By focusing on the material existence of Jewish partisans in Lithuania, Justina Smalkyté makes the argument that the ways material objects were used to carry out resistance activities and perform violence, tell us much about social relations and ethnic hierarchies in the partisan camps. In this lecture, she examines the social differentiation in the partisan camps based on possession of certain scarce objects such as boots, better food rations, and arms. The ways such objects were gifted, stolen, or distributed among partisans challenges the idea of the comradely cross-ethnic partisan community on which the communist recruitment propaganda was based. She also will address the experiences of cold, hunger, fatigue and injuries that defined partisans’ material lives in the camps and examines the issue that despite such shared experiences, ethnicity and gender remained important differentiating factors in the partisan community.
About the Speaker
Justina Smalkyté is a PhD candidate at the Sciences Po Center for History in Paris, where she is preparing a dissertation on anti-Nazi resistance movements in German-occupied Lithuania (1941-1944). She holds a double MA in European History from Université Paris Cité and Humboldt University of Berlin and a BA in History from Vilnius University. Her doctoral research examines resistance through the lens of material culture: while focusing on a wide range of material objects used by anti-Nazi resistance members her thesis attempts to shed a new light on practices of resistance and violence in Lithuania under German occupation.

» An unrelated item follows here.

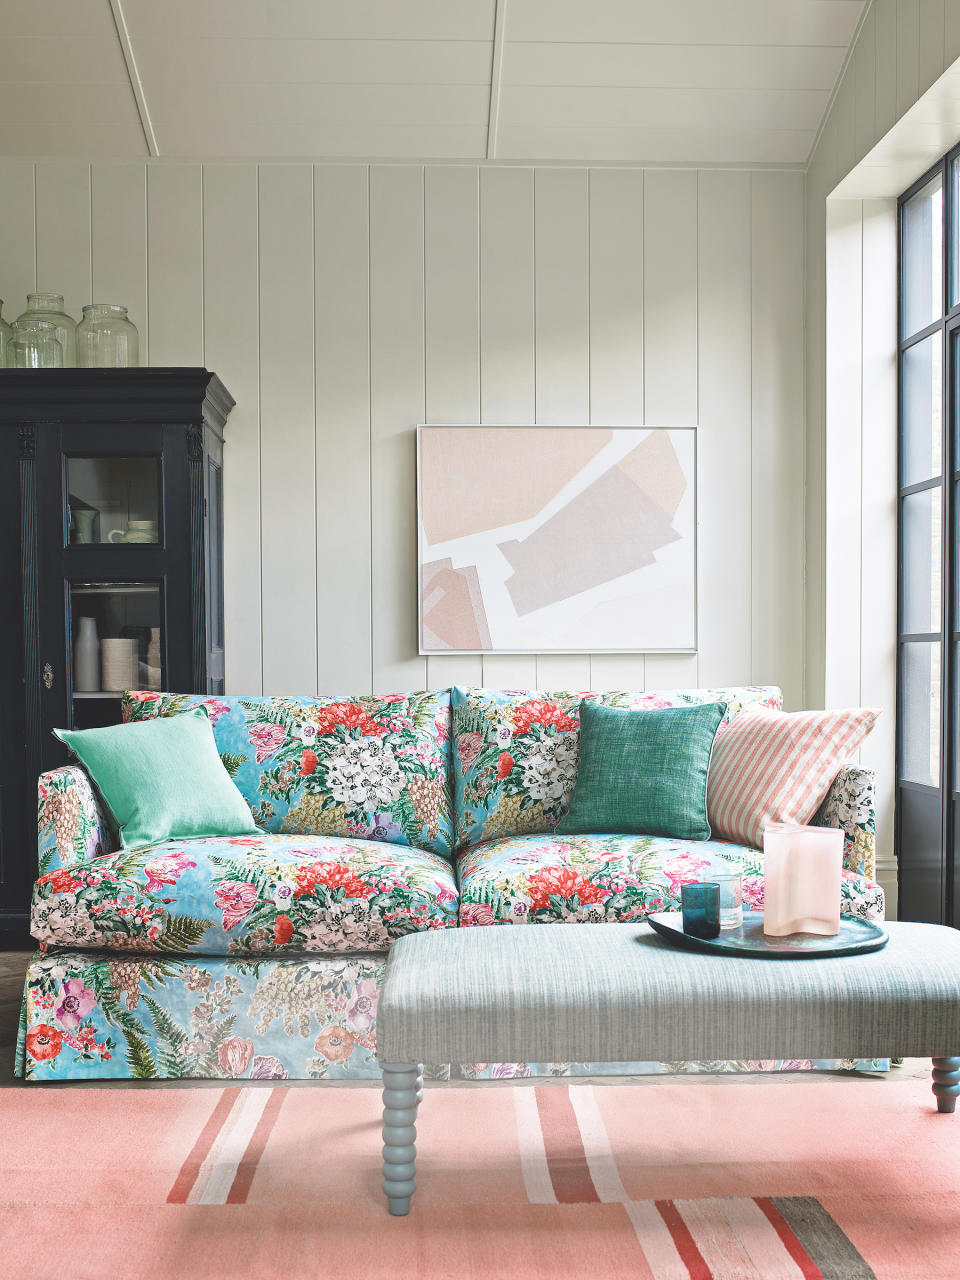 <p> Add a happy-go-lucky feel to a your farmhouse living room ideas with a bright couch &#x2013; just one easy room color idea.&#xA0; </p> <p> &apos;This is such a simple way to add personality to a simple farmhouse scheme,&apos; says Andr&#xE9;a Childs, Editor of Country Homes &amp; Interiors magazine. &apos;Choose removable slipcovers and you can update the look seasonally, introducing florals in the springtime and gold and russet tones in the fall. </p> <p> &apos;The trick to dialling up color is simply to choose a shade or two brighter or stronger than your usual farmhouse palette. Root the colors in nature and you won&apos;t go wrong.&apos; </p>

Her publications include the book chapter “Gender, Ethnicity, and Multidirectional Violence in the Last Months of the German Rule in Lithuania: A Case Study of Local Force Battalions” in Reshaping the Nation: Collective Identities and Post-War Violence in Europe 1944–48 (Palgrave Macmillan Press, 2022), and the forthcoming “Politics of Selective Remembering in Post-1990 Lithuania: A Case study of Lithuanian Post-Fascist Far-Right Mnemonic discourse,” which will appear in the volume Far Right Memory Politics in the Internet Era (Södertörn Academic Studies, Sweden).
Her research has been supported by research grants of the Foundation for the Memory of the Shoah in France, the YIVO Institute for Jewish Research in New York, the Association for the Advancement of Baltic Studies, and the Moshe Mirilashvili Center for Research on the Holocaust in the Soviet Union at Yad Vashem in Israel.